A bright red ball of yarn bounced down the hall before rolling to a stop on the carpet. Million, sitting against the wall with her legs crossed, turned her eyes to the ball with a faint whirr. Then she turned her head the other way, to Lily’s face leaning out of the bedroom.
“I only look like a cat, you know,” Million said.
“I know,” Lily said, “I’m running a test.”
Million furrowed her brow. “What test?”
“For a hypothesis.”
“No,” Lily said, “It might taint the data.”

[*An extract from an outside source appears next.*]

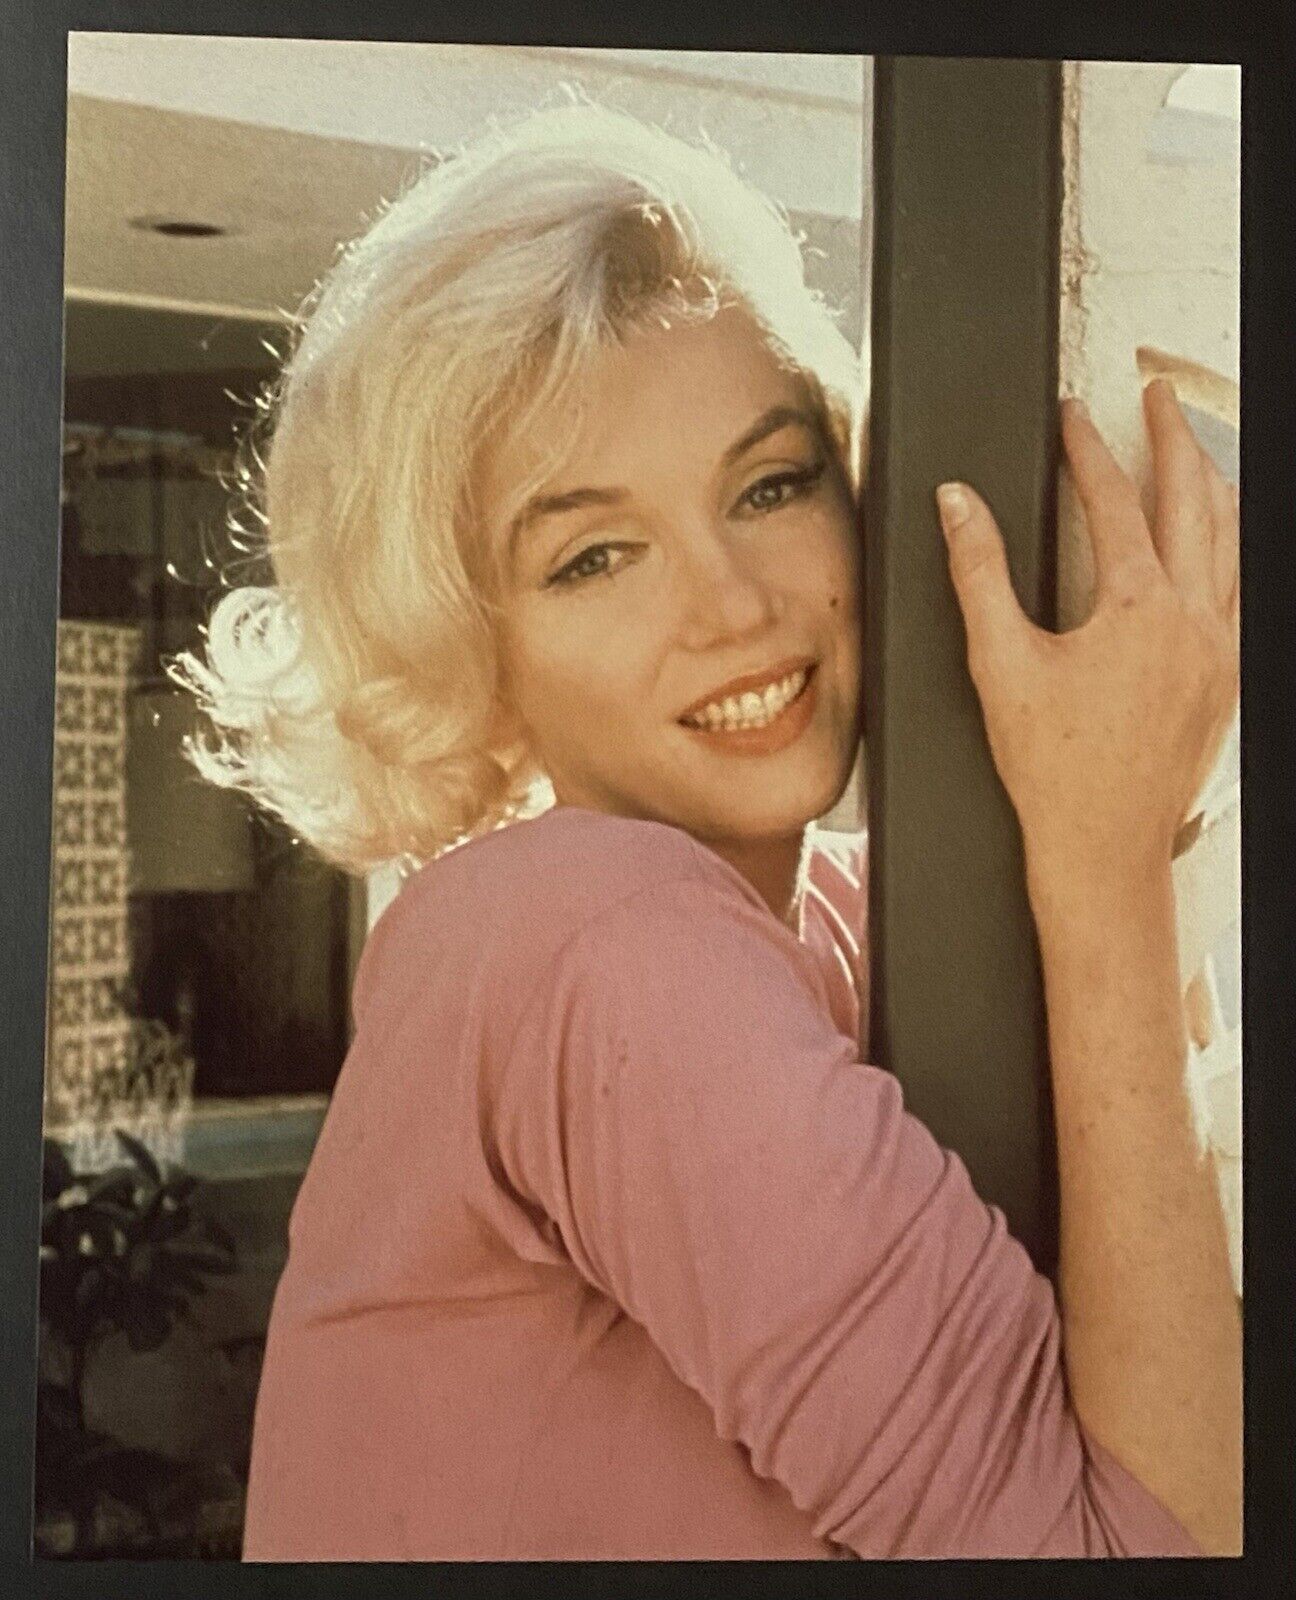 1962 Marilyn Monroe Original photograph by George Barris Stamped Hollywood CA

Million sighed, exasperated. She didn’t have to, of course, since she was a robot—specifically a high-end general purpose ani-droid, shaped like an orange bipedal housecat. Although her outer covering mimicked soft orange fur, and her ears tapered to a point, and her electronic eyes narrowed with vertical slits, it was all merely an illusion for the enjoyment of humans.

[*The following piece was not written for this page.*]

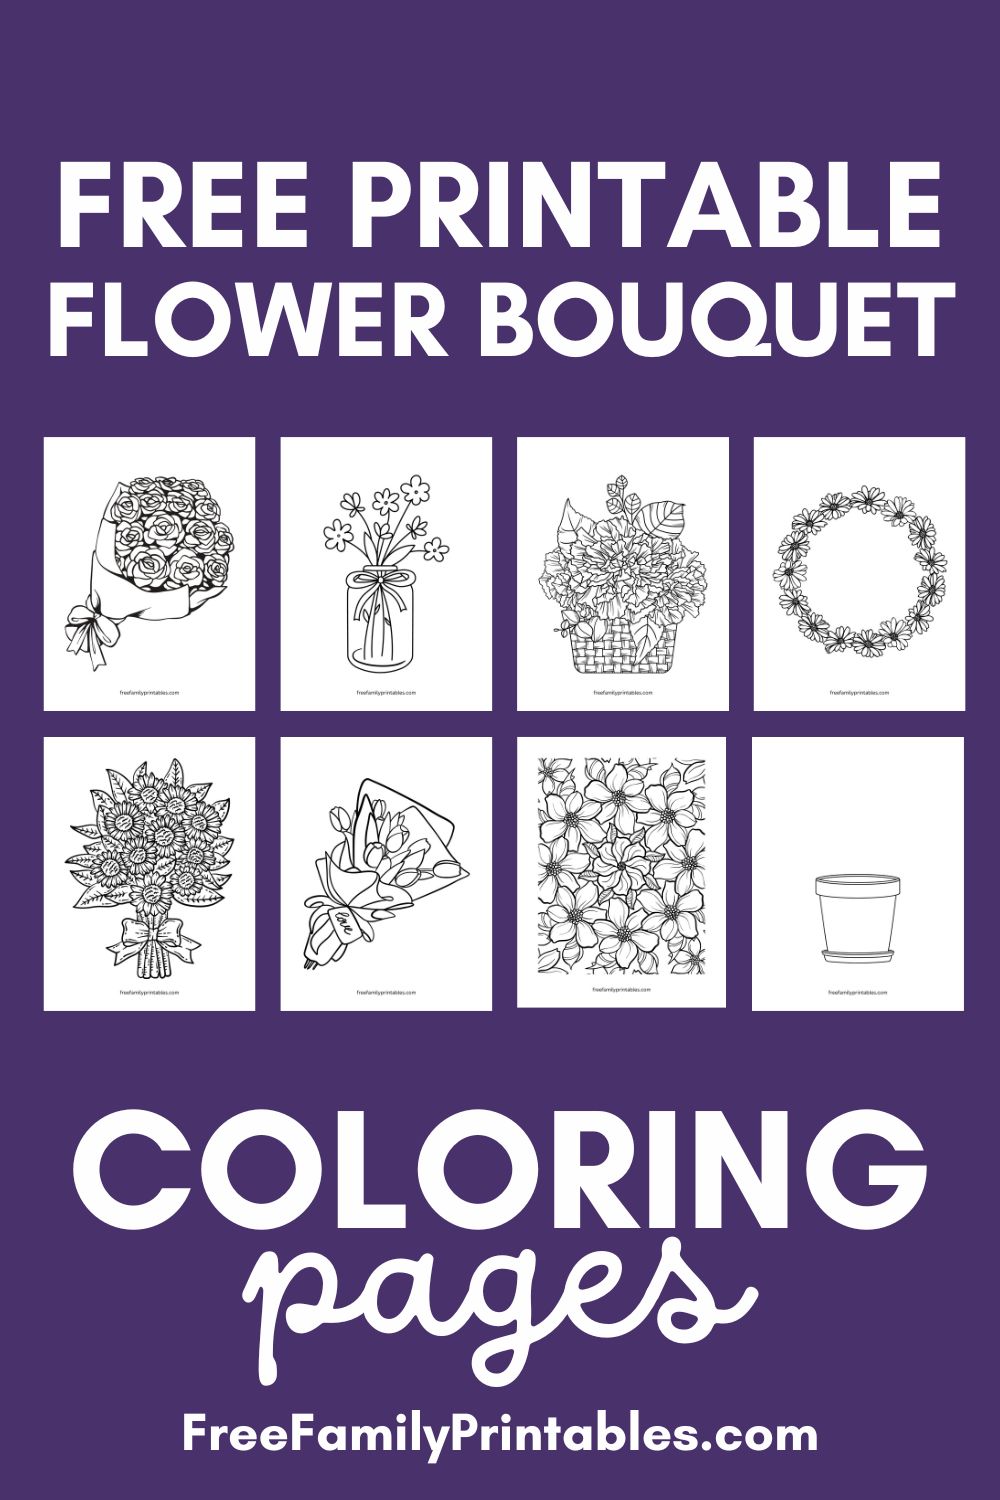 Flower bouquet coloring pages free printables

She was not even that cat-like, since ani-droids were oversized in the head department, with a body shape and features that spoke of “undersized human” more than cat—such as thumbs, or plantigrade feet. Even the entire torso, save for the fur pattern, was a feminine humanlike torso, and not a cat’s.
Lily was much the same, but a light brown otter. She was also insane.
Lily had a crush on Million. Or, rather, it was the closest approximation that Million could assess—because Lily was, supposedly, self-aware. Whoever programmed her made her inexplicably drawn to others, despite not being wired for human-like reproduction. She could not blush—no blood—but she nevertheless covered her face with her hands and ducked back behind the bedroom door.
“You basket case!” Million said, standing up. “This proves you’re crazy.”
“Does that mean you won’t be visiting anymore?” Lily asked, voice echoing in the bedroom.
Million narrowed her eyes, pupils dilating in turn. “You’d prefer that? I already understand your game. Just because I can’t copy your mind directly doesn’t mean you can throw me off that easy.”
Lily’s eyes lit up—both figuratively and literally. “So you’re gonna stay?”
“Yeah, yeah … “
Certain parts of Million wished this was not the case—specifically, her efficiency estimator, which calculated that she could accomplish far more by never dealing with Lily. A good chunk of that estimation included speaking to her, an act which Lily always insisted on. She would ignore any attempts to communicate by encrypted code over the wireless.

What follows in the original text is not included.